- Input data
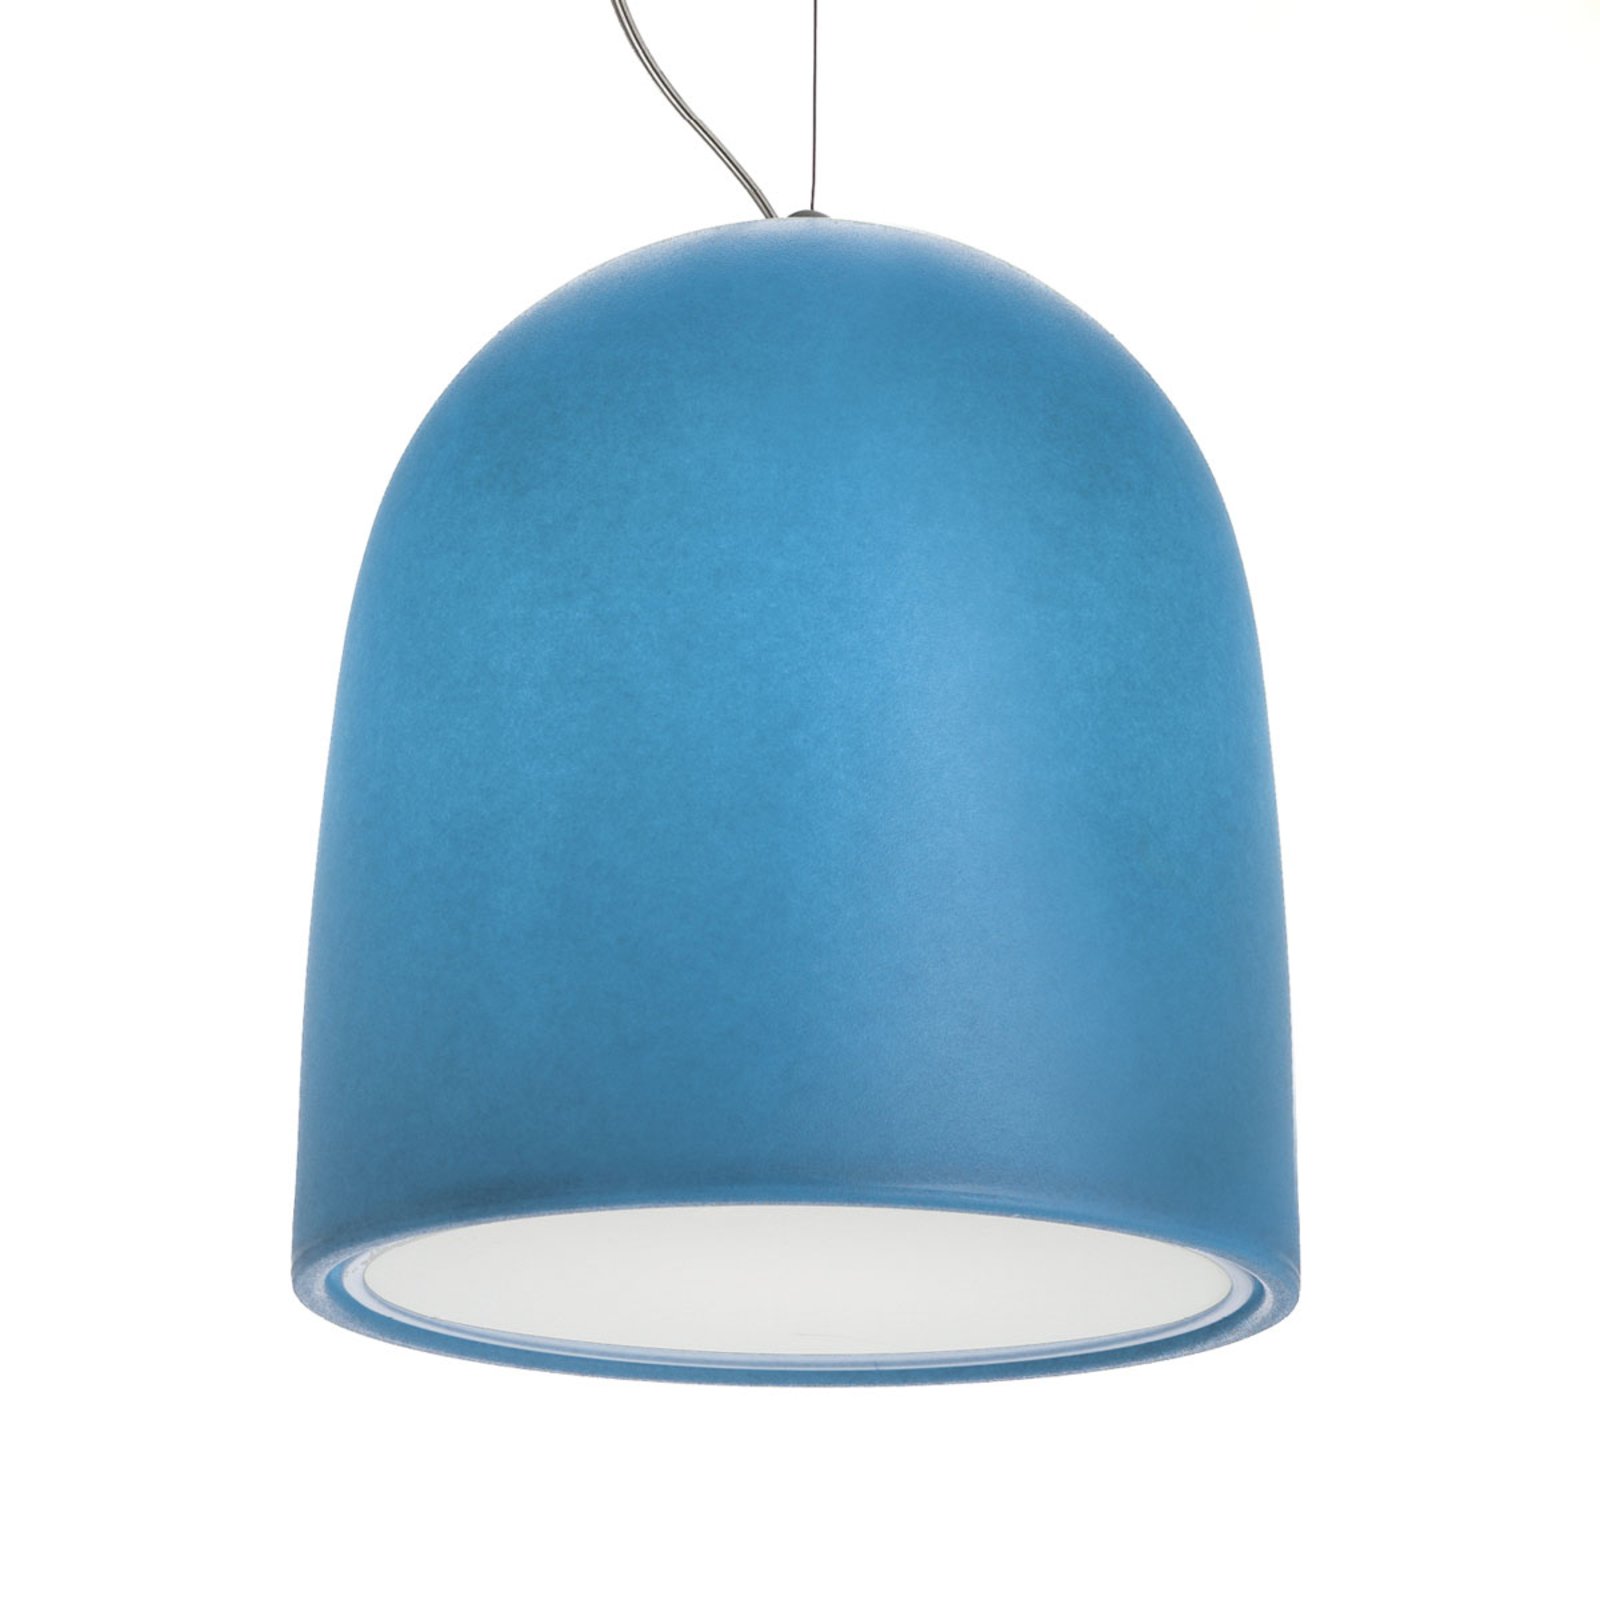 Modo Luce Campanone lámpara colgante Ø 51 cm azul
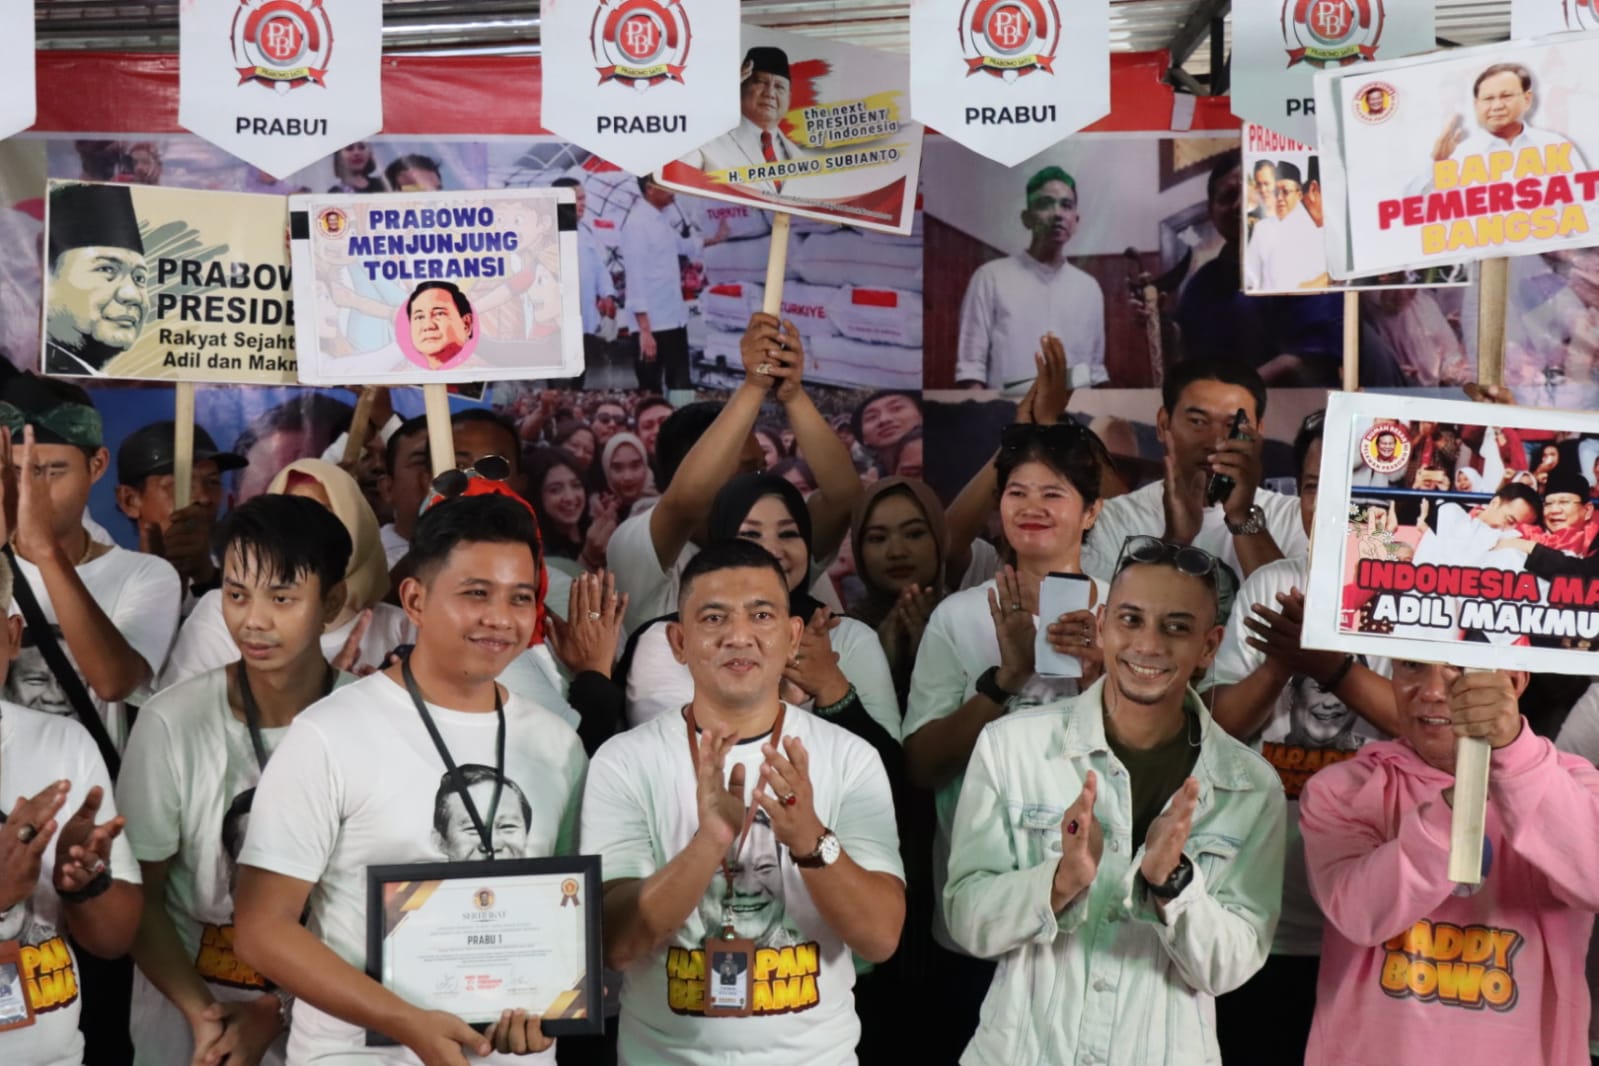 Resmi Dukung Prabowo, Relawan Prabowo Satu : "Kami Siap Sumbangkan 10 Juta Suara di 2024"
* * *
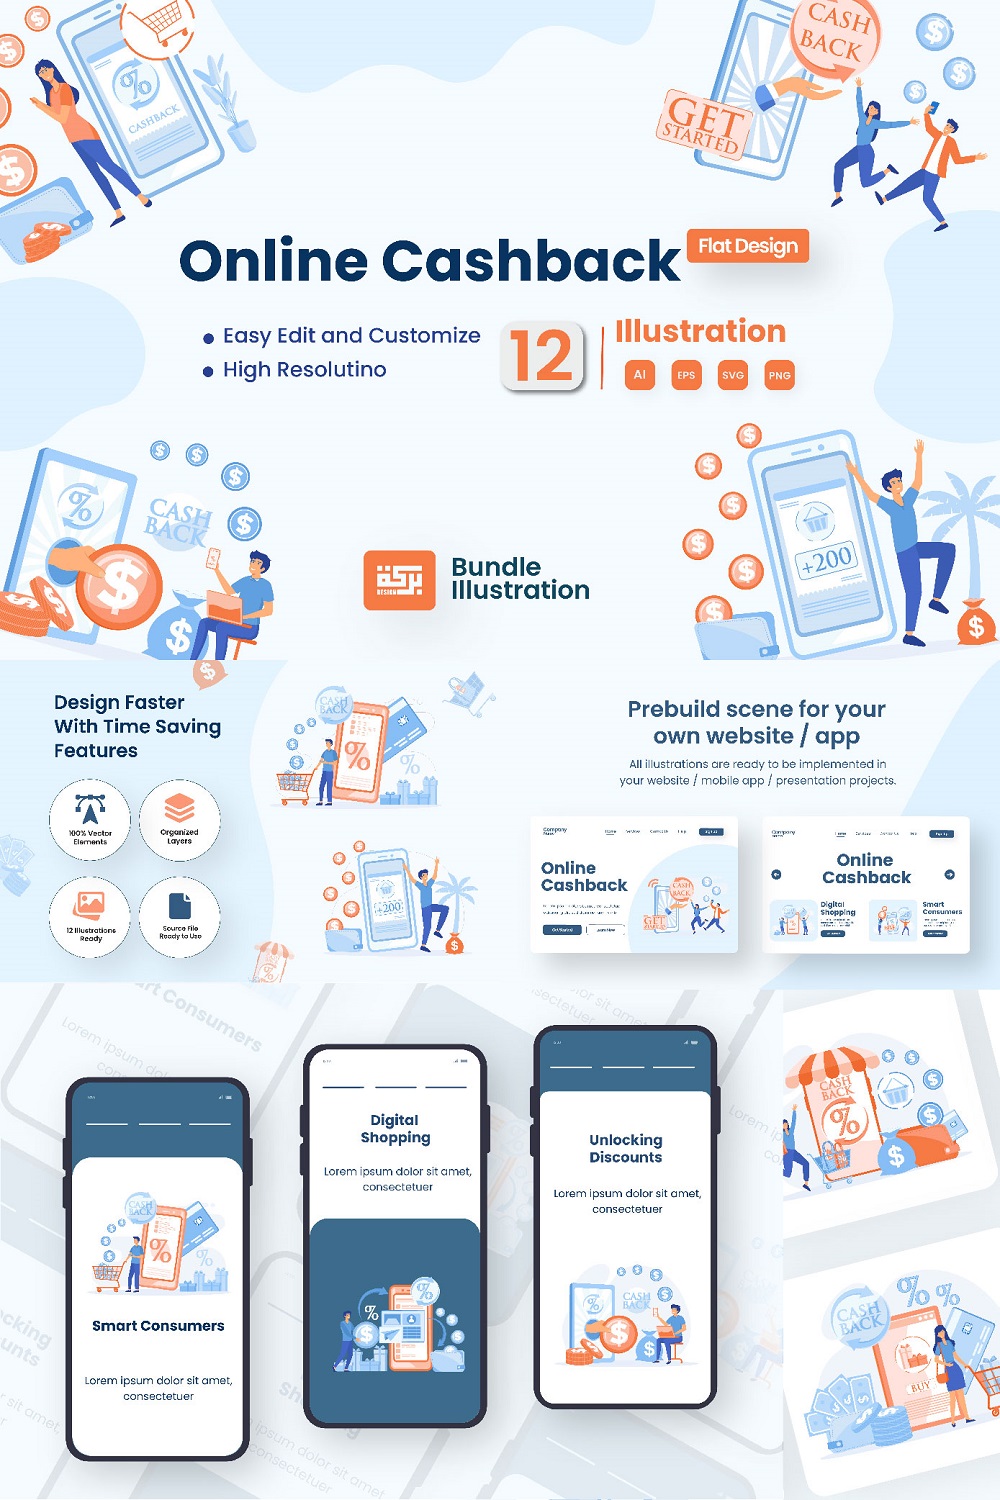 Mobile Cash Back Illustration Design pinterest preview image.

- Instructions for the task
Would you copy, word for word, only the lines above from the one containing "Modo Luce Campanone" through the one containing "Resmi Dukung Prabowo, Relawan", both included, and please leave out the pictures?

- Task output
 Modo Luce Campanone lámpara colgante Ø 51 cm azul
 Resmi Dukung Prabowo, Relawan Prabowo Satu : "Kami Siap Sumbangkan 10 Juta Suara di 2024"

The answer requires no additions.